Иву’ивуанский метод избавления от мертвецов и сохранения памяти о них интересен в первую очередь прагматическим подходом, особенно если учесть, с каким энтузиазмом и радостью они отмечают более повседневные жизненные события. Мертвецы в течение одного дня лежат в центре деревни с ветками лава’а на глазах. Ночью, после готовки ужина, их кладут на костер и оставляют гореть на всю ночь. (В своей книге Таллент, наблюдавший одну из таких кремаций под открытым небом, с поразительной живостью описывает, как на протяжении ночи по деревне разносятся негромкие хлопки вроде фейерверка, когда разные органы взрываются и их содержимое закипает на огне.) На следующее утро огонь гасят, останки собирают, и кто-то из родственников умерших отправляется хоронить их под деревом на окраине деревни (у каждой семьи есть определенное количество деревьев, выделенных для подобных случаев). Таллент отмечает, что дни смерти окружены не плачем и не скорбью, а «торжественным, почти величественным чувством покоя и созерцания. Ближайшие родственники покойного продолжают участвовать в повседневных ритуалах, но их молчание, их прерванный гомон в этом шумном и тесном сообществе становится отдельным ритуалом, и другие деревенские жители не отвлекают их, пока скорбящие не выказывают намерения вернуться к общинной жизни. Иногда этот молчаливый траур продолжается лишь несколько дней, иногда растягивается на месяцы. Но он отчетливо демонстрирует отдаление от места, где все происходит здесь и сейчас, возможность одиночества в окружении многолюдной толпы» (Таллент, «Люди среди деревьев», с. 178).

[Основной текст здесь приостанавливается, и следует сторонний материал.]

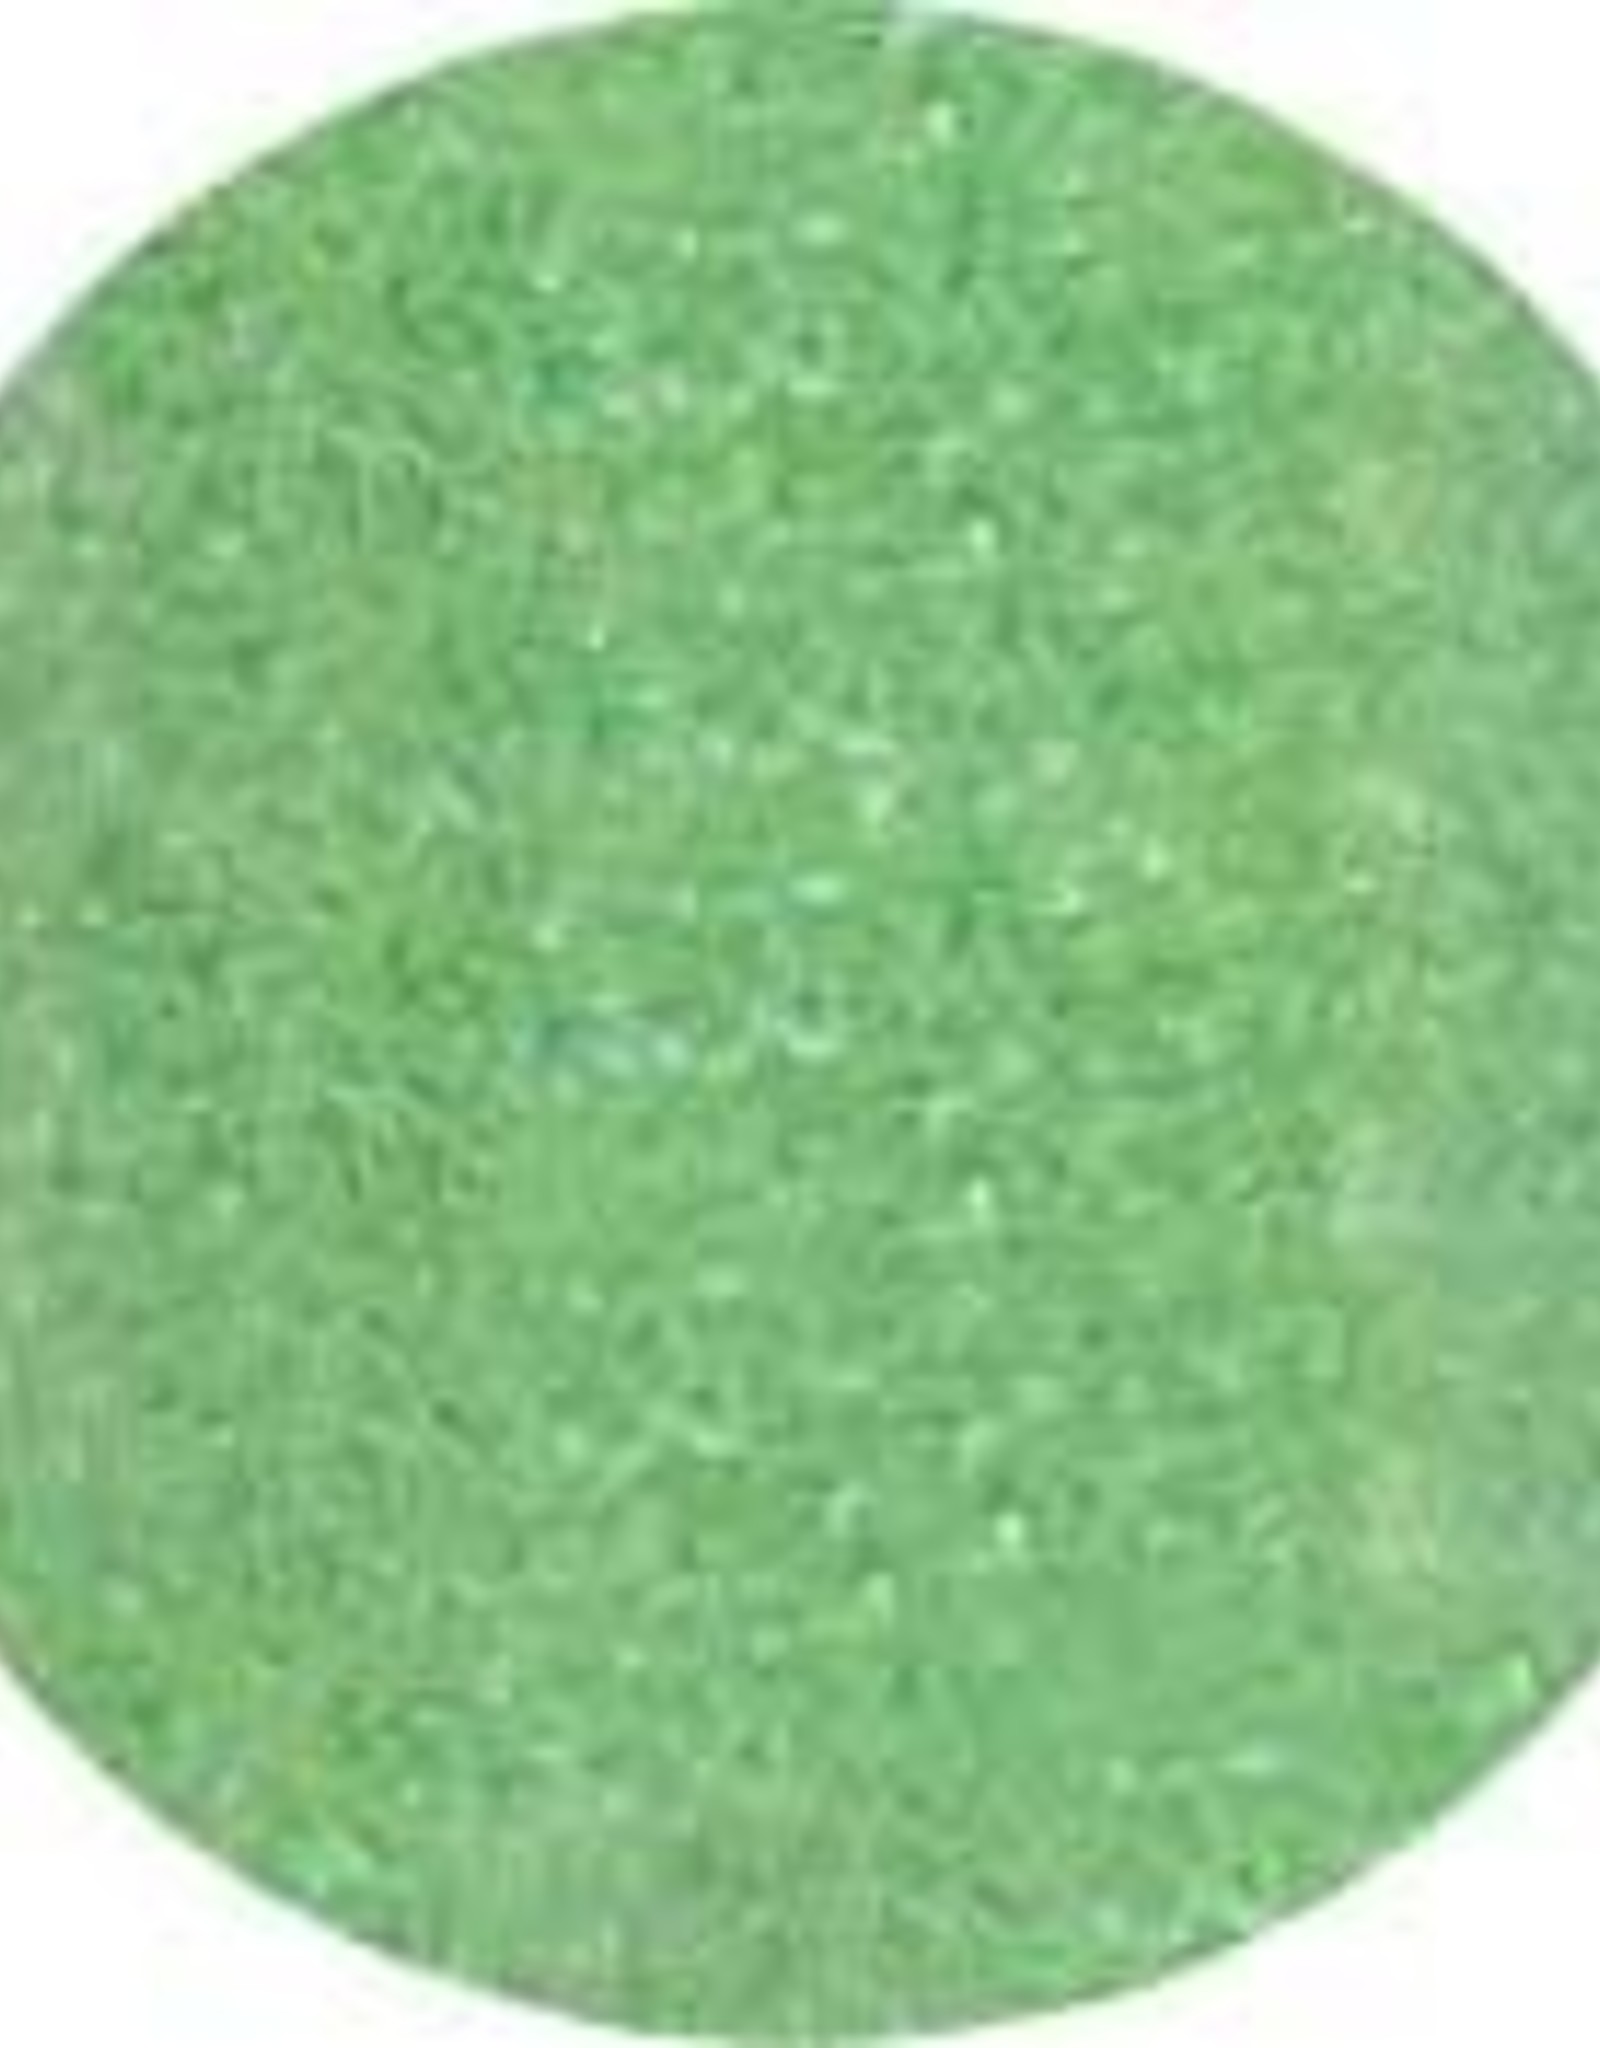 Green (Lime) Sanding Sugar

Как указывает сам Нортон, в Стэнфорде он попал в крайне необычное положение. Необычнее всего тот факт, что источник его финансирования так и не был надежно определен, даже по прошествии многих лет. В своей книге Кэтрин Хетерингтон рассматривает две возможные кандидатуры. Первая (и весьма колоритная) – это человек по имени Руфус Грипшоу, невероятно богатый и эксцентричный выпускник Стэнфорда, разбогатевший благодаря изобретению вакуумной закаточной машины, которая теперь используется на многих пищеперерабатывающих заводах; он был одержим идеей бессмертия. Хетерингтон предполагает, что Таллент рекомендовал Нортона декану медицинской школы и попросил его привлечь Грипшоу как тайного благотворителя, который профинансировал бы работу со сновидцами. Хотя это увлекательная теория – конечно, Грипшоу был в высшей степени лично заинтересован в проекте Нортона, – она исходит из предположения, что Таллент способствовал работе Нортона в гораздо большей степени, чем сам Нортон склонен признать (или поверить). Конечно, здесь мы сталкиваемся с очередной ситуацией, когда отсутствие архива документов и дневников Таллента делает воссоздание истории, не говоря о его собственных мотивах, крайне проблематичным. В последующие годы Нортон ни разу не мог с уверенностью сказать, что именно Таллент думает о нем и о его работе, и несложно представить, что сам Таллент сомневался, хочет ли он сотрудничать с Нортоном, и если да, то как именно. (С другой стороны, он, в сущности, оказался соучастником Нортона в деле переправки сновидцев в Америку.)